I have a Linksys WRT54G wireless-G router connected to a WinXP SP2 computer. The base address of the router is 192.168.1.1. My problem is that I have a Dell M6300 laptop running VMware that is using the same IP address as it's communication port (192.168.1.1) as the Linksys router. The Dell laptop connects at work and other ISPs with no problems. My problem is when I attempt to wireless or hardwire connect the laptop to my Linksys router, I do not get any communications. Is it possibly a communication collision between the Linksys router IP address and the VMware IP address?


----------



## AquariusFX (Aug 14, 2008)

You can try either change the router IP or set your dell laptop to receive ip automatically.
Make sure to enable DHCP on router.


----------



## johnwill (Sep 26, 2002)

Change the base address of the router to 192.168.2.1 as *AquariusFX* suggests, it's the easiest way.


----------



## nathan6 (Mar 16, 2011)

kenbarickman said:


> I have a Linksys WRT54G wireless-G router connected to a WinXP SP2 computer.
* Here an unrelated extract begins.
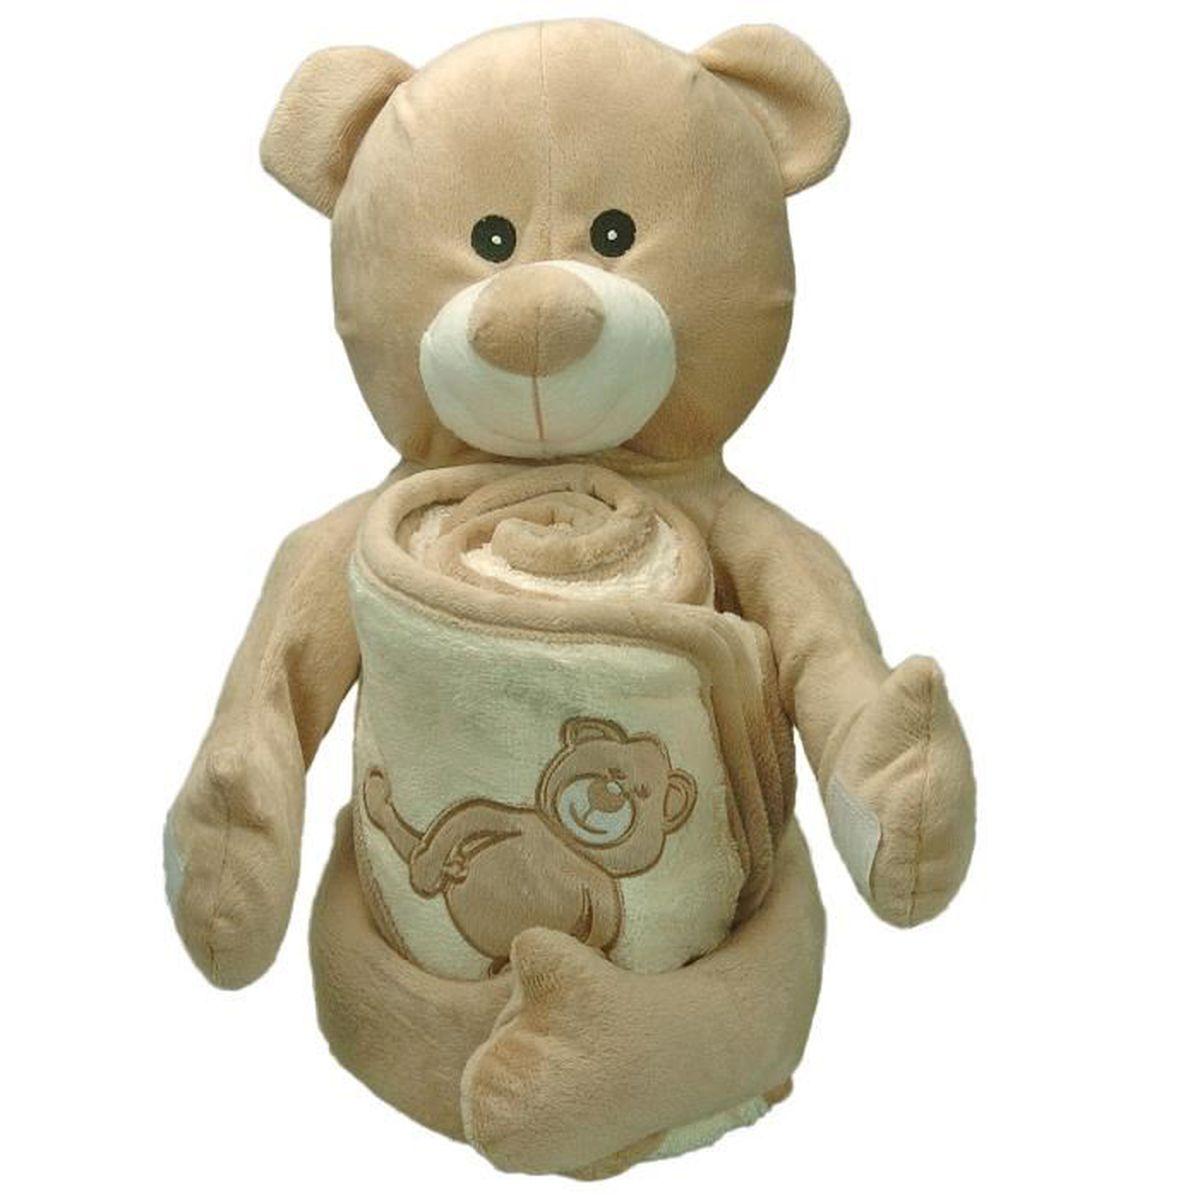 doudou cape de bain ben teddy bear sensei la maison du coton ecru taille 75 x 75 cm. Black Bedroom Furniture Sets. Home Design Ideas

The base address of the router is 192.168.1.1. My problem is that I have a Dell M6300 laptop running VMware that is using the same IP address as it's communication port (192.168.1.1) as the Linksys router. The Dell laptop connects at work and other ISPs with no problems. My problem is when I attempt to wireless or hardwire connect the laptop to my Linksys router, I do not get any communications. Is it possibly a communication collision between the Linksys router IP address and the VMware IP address?


you can get the software here at How do I change my IP address? and you can use it ,if it is changed or not you can check it here at http://www.whoisxy.com/ - whoisxy.


----------



## 2xg (Aug 5, 2009)

Thanks for the feedback, this is a 2008 Thread and it's time to Close this Thread.


----------